Found the proper spec for Ultra:
wikidevi.com/wiki/Google_Chromecast_Ultra_(NC2-6A5-D)
Power brick is only so big, 'cause it has a USB-C to Ethernet interface built-in.
And what's up with the Chromecast Ultra requirement? Many TVs have built-in Google Cast nowadays.
Edit: Also can we stop saying "buy" when we talk about games? The only way to buy a game these days is to buy the rights. Anything else is just licensing the right to use a copy. And use as the publisher deems fit, not necessarily as you'd like.
The contract is in place at the original sale price.

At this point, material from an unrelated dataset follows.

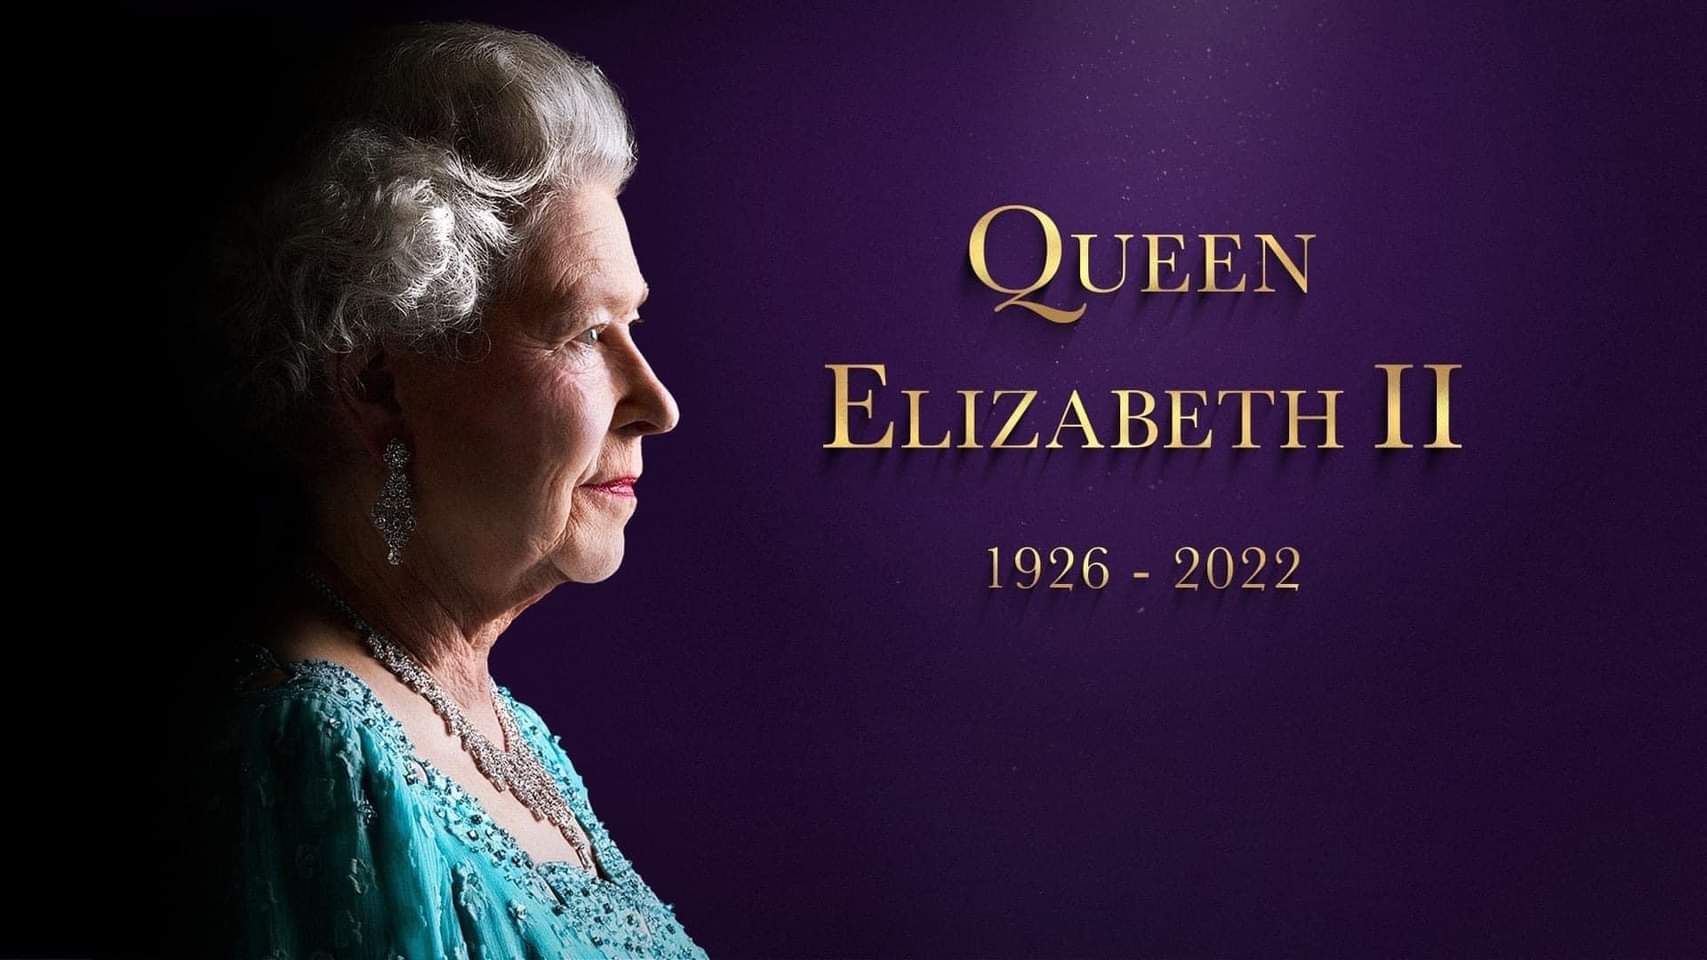 Rest In Peace Queen Elizabeth II - FarSite Communications Ltd

They do try really hard making us believe it isn't, by making the base game just about useless over time, but that's another story :)
On the other hand, if I were to choose a subscription service, the Microsoft XBox Game Pass For PC would be the more attractive model because it isn't cloud based gaming per se, although I'm loathe to pay any kind of subscription for gaming anyway.
Let's put this in a better scenario. I just had a business trip last week in Phoenix AZ. My backpack had my work laptop, tablet, nintendo ds, work stuff, and chargers inside it. I have a surface laptop. It is both small form factor and light in weight. It is by no means a gaming laptop. I get back to the hotel after a day of work, grab my laptop, hook it up via hdmi to the hotel tv, open the gaming app, grab my controller, and now I have a mobile console in the palm of my hands without any extra weight added into it besides the controller. I can stream my games freely to the laptop and game happily from the tv.
It only takes 1mbps to stream a 720p stream.....easy enough for a hotel. It is easier on my hotspot.
A 6 hour lay over in Atlanta Airport will make anyone want to play a game or do something besides stand there. The guy I sat beside on my flight back was stuck in Atlanta for 10 hours due to bad weather and flight cancellations last Saturday. He was both pissed and bored out of his mind, but he did have a laptop. It's rare to see people traveling not to carry around a tablet, phone, or a laptop. The airport got so full due to flight cancellations. There were no chairs left so everyone was sitting on the floor waiting on their flights lol. And that is not uncommon. It happens. A few hundred thousand people then become a bottleneck in the busiest airport in the world without much to do besides wait. There is money waiting to be had in that scenario.